正想著,忽聽父親提到范華大師已經抵達英國,他在唐人街盤下一間鋪子,專門替人算命。趙以思握著馬克杯的手緊了緊,這老神棍還真是陰魂不散。
另一頭的沈懷戒的臉色沉了下來,他與五太太對視一眼,放下手中的刀叉,道:“大哥,我聽說唐人街的當鋪一價難求,我們不妨與范華大師打個商量,在他鋪中掛些明代山水畫,假若找他算命的主顧看上哪幅畫,我們便宜些賣給他們,這樣也好積累人脈。”
老爺擦了擦嘴角,若有所思地看過來,他繼續道:“當然,范華大師那邊我們也需要打點,要不送他兩箱昆明運來的岫玉擺件?”
老爺沉吟片刻,露出欣慰的神色,“好主意,我最近正愁著租不到當鋪,咱這幾十箱寶貝賣不出去。”
沈懷戒舉起茶杯,微微致意,“大哥若放心,這事全權交給我來辦。”
老爺呵呵一笑,“好啊,你辦事我放心。”他抿了一口熱茶,余光瞥到親兒子身上,不屑地哼了聲。

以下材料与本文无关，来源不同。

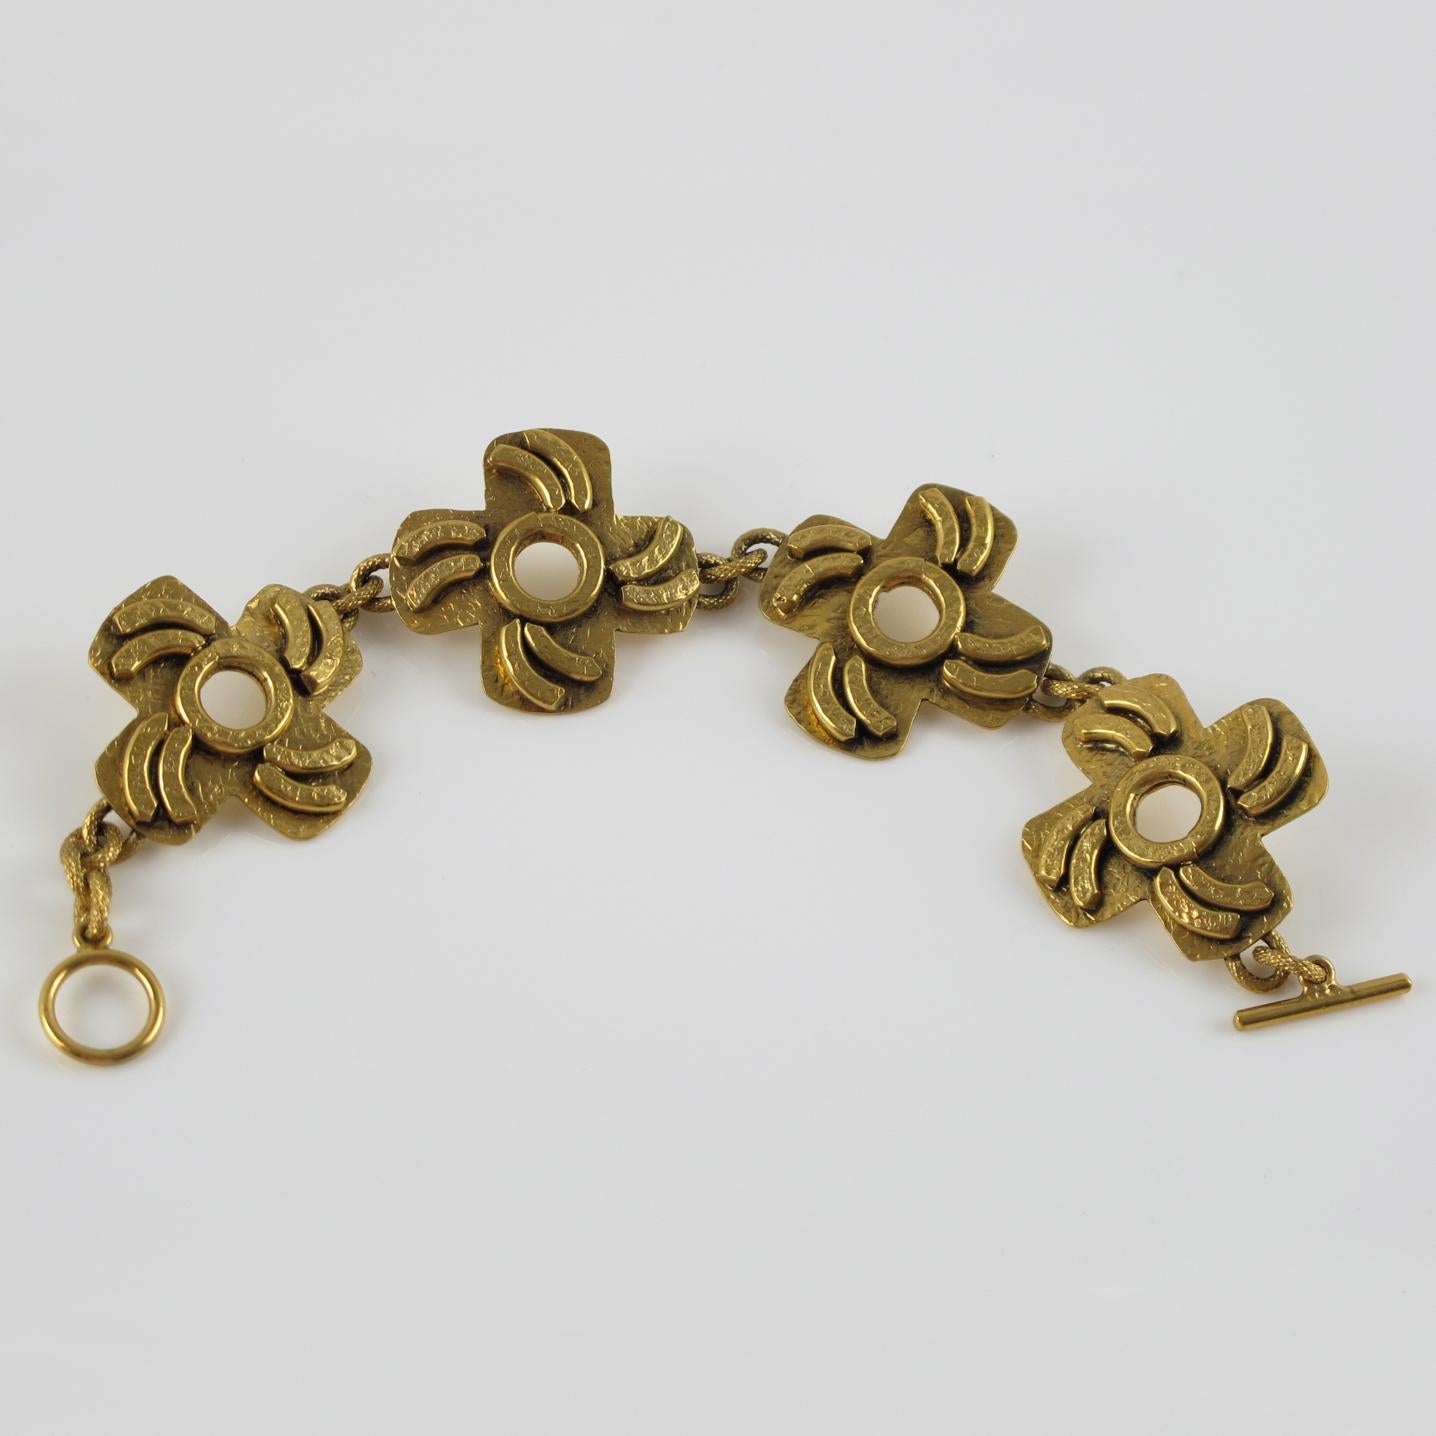 Superbe bracelet à maillons du créateur de bijoux français Henry Perichon (alias Henry). Bronze doré dans un design moderniste des années 1960 orné de sculptures géométriques. Signé 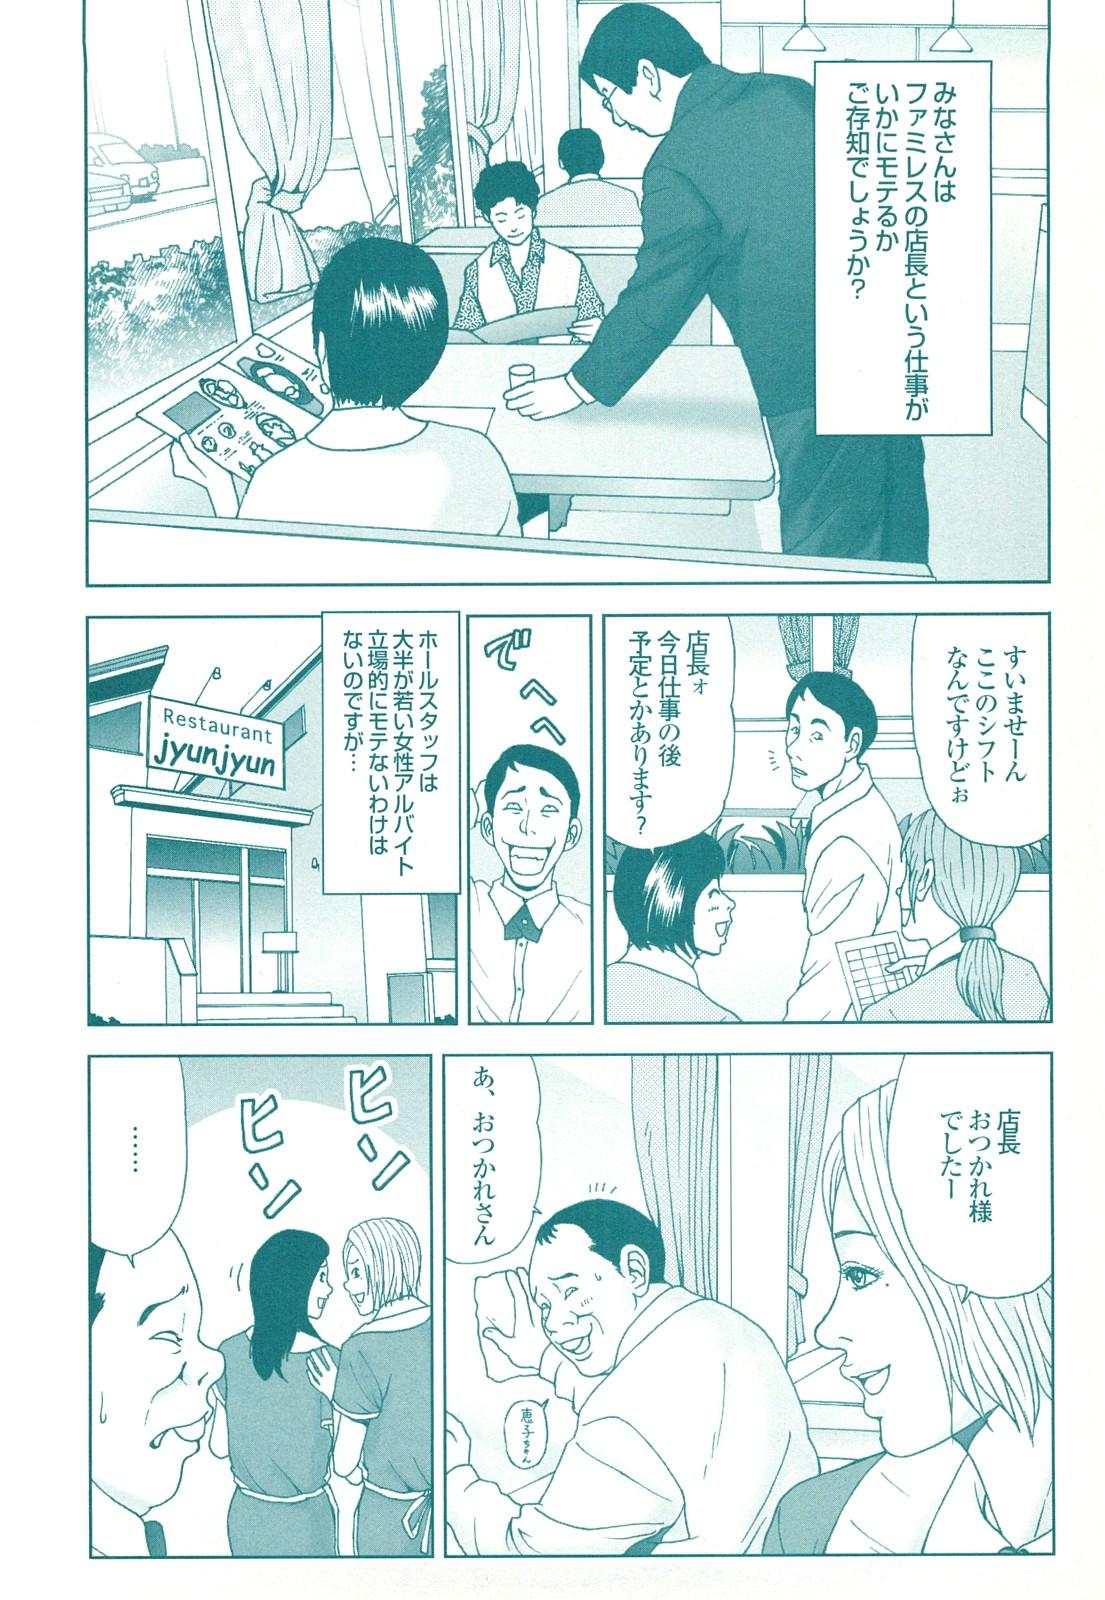 コミック裏モノJAPAN Vol.18 今井のりたつスペシャル号 177

刺眼的陽光照在臉上,趙以思無所謂地切開煎蛋,他爹又不是第一天認為他是個廢物,只要竹鞭沒招呼到身上,管他是嘲笑還是厭惡,都不影響他吃齁鹹的溏心煎蛋。
第24章 怔忪
吃完最後一口煎蛋,趙以思端著盤子離開,甲板上陽光正好,英國佬仿佛八百年沒見到太陽似的,集體聚在甲板上喝酒唱歌。方才沒露面的三媽媽坐在藤椅上誦讀佛經,她身邊站著兩個身著卷雲紋馬褂的年輕小廝,聽說是鄧老板專程去少林寺替父親挑選的下人,不知道真假,鄧叔總把五分說成八分,八分說成十二分。趙以思多看了他們一眼,轉身換條路走。
他穿過貴賓廳的走廊,聽到下人們在竊竊私語,他留了個心眼,閃身躲進半人高的花瓶後。
“咱今兒還給芳芳帶飯嗎?我瞅她撐不過今晚。”其中一個下人在趙府做了七年長工,北方口音一直沒變過,趙以思當即認出他是三媽媽屋裡的下人。
另一個家丁道:“我待會給她送點蘋果橘子啥的墊墊,人空著肚子不好上路。”
“這年頭餓死鬼多了去了,翠喜妹妹,你可真是菩薩心腸。”長工不老實地拉住家丁的手,被她一巴掌拍開,道:“我瞧她那樣心裡怪不落忍的,唉,你說好好一條命就這麽沒了,三太太晚上做噩夢不?”
她說著往前走,趙以思吃力地縮緊肩膀,鑽出花瓶與牆的縫隙,聽長工道:“她活該,誰讓她下咒毒害四太太,要我說啊,老爺能留她一條命,算她上輩子修來的福分。”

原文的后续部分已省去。